Jacko jumped out of bed, grabbed his air rifle and loaded it with pellets. His father stumbled angrily back into his room. He looked up in time to see his father’s face, red with rage, as he made to rush Jacko. Only, this time, he wasn’t going to let his father beat him. This time he quickly pointed the rifle and shot multiple pellets at him.
His father yelped like a dog as he jumped back. He stopped shooting, so his father would have a chance to leave the room. Instead, John and Jacko’s eyes met for second, and then he made to rush him, again. Jacko sent another round of pellets at him. John jumped up and down as he jerked his body about the room like chicken in a cock fight. The pellets hit him ferociously in the chest and thighs with one getting him square in the crotch. John, finally, turned to leave the room and Jacko shot multiple pellets at his back side as he ran out.
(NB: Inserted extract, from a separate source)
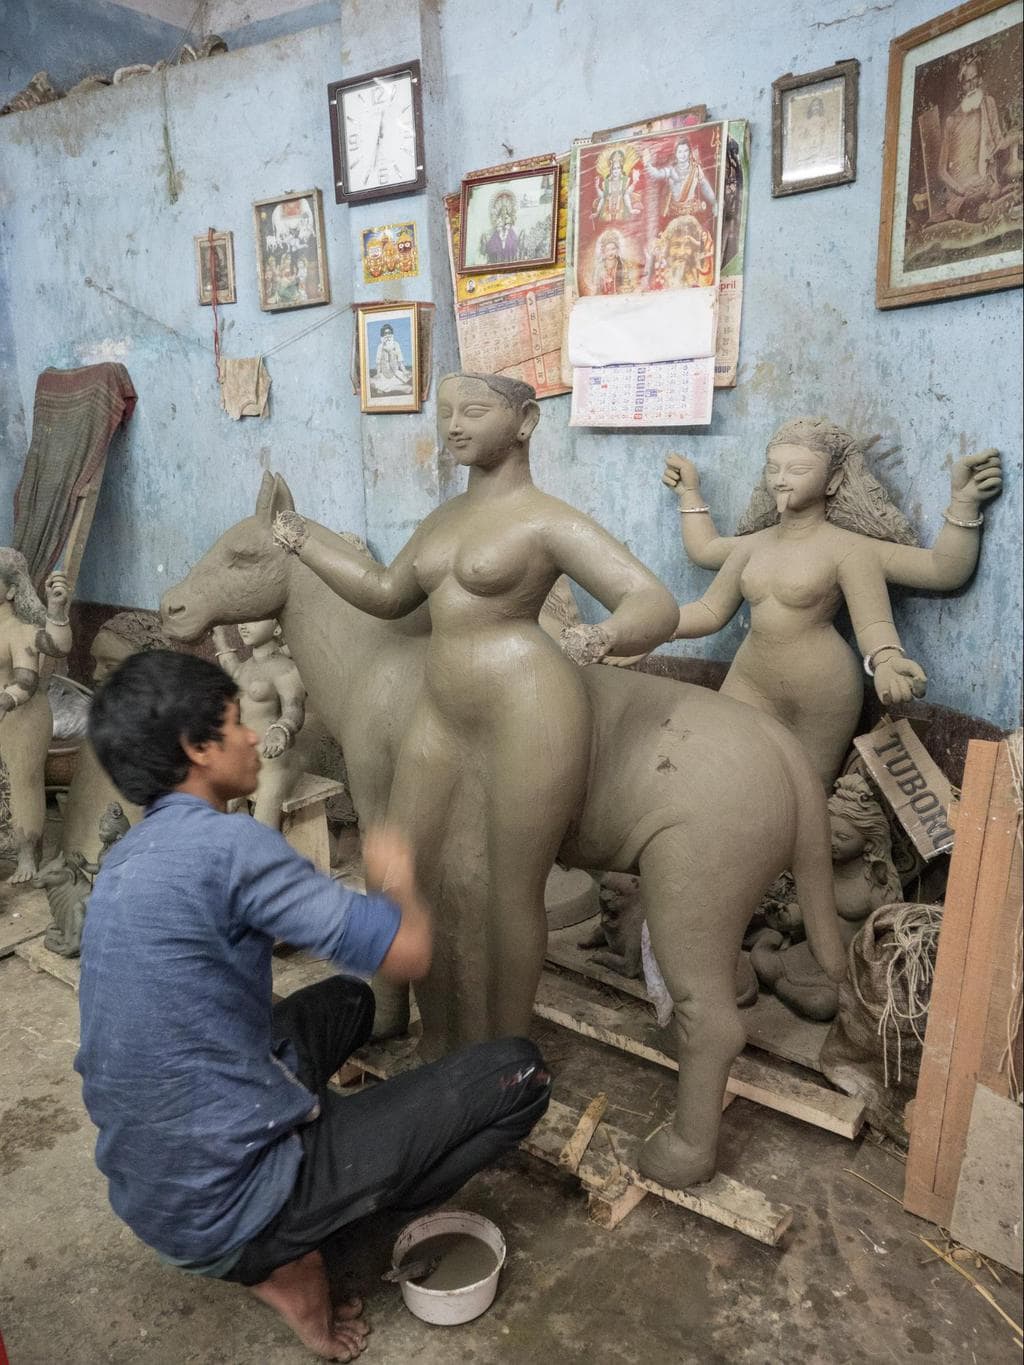 An artist making Hindu God statues

Jacko wouldn’t have much time for escape, so he rushed into his jeans, a sweater, and a jacket. Immediately, he packed a change of clothes into his red backpack. Next, he grabbed his laptop bag, threw in his cell phone, wallet, and keys. He raised his rifle, slowly opened the door and exited the way he’d seen it done on television.
Slowly, he opened the door with his gun raised skyward as he peaked his head out. He looked left and right and, upon seeing that all was clear, walked quickly into the hallway with his rifle pointed outward. Jacko scanned the area and then made his way, carefully, to the stairwell.
He walked slowly downstairs where, as he stepped off the last step, and onto the landing, he spotted his father on the phone. Jacko assumed he was talking with the police, as they had been through similar violent scenarios before that night. John always ended up calling the cops, who always took his father’s side of all their disputes.
They looked at each other; his eyes shifted down to the rifle and back up to Jacko’s face. John, gently, hung up the phone. Innocently, John lifted his eyebrows as he walked toward him, trying to emanate a calm yet concerned look with his face. John opened his arms and held them out in a welcome, hug-like gesture, as though trying to convince Jacko, through body language, that all was fine. His father stepped a few paces closer to Jacko, and then charged him like a bull. He made it outside the door in time to hear his father ram himself into the coat rack nailed to the wall behind the door.
Jacko hopped onto his black 250cc scooter and rode off without looking back.
“Get your ASS back here!” Jacko heard as he sped off.
Several police cars turned onto his street as he approached stop signs at the end of his block. He knew they must be headed for his home, but Jacko remained calm as he looked both ways before making a left onto the other street. Nothing mattered to Jacko, anymore, because he was determined never to look back on the town with the father that let him down in so many ways.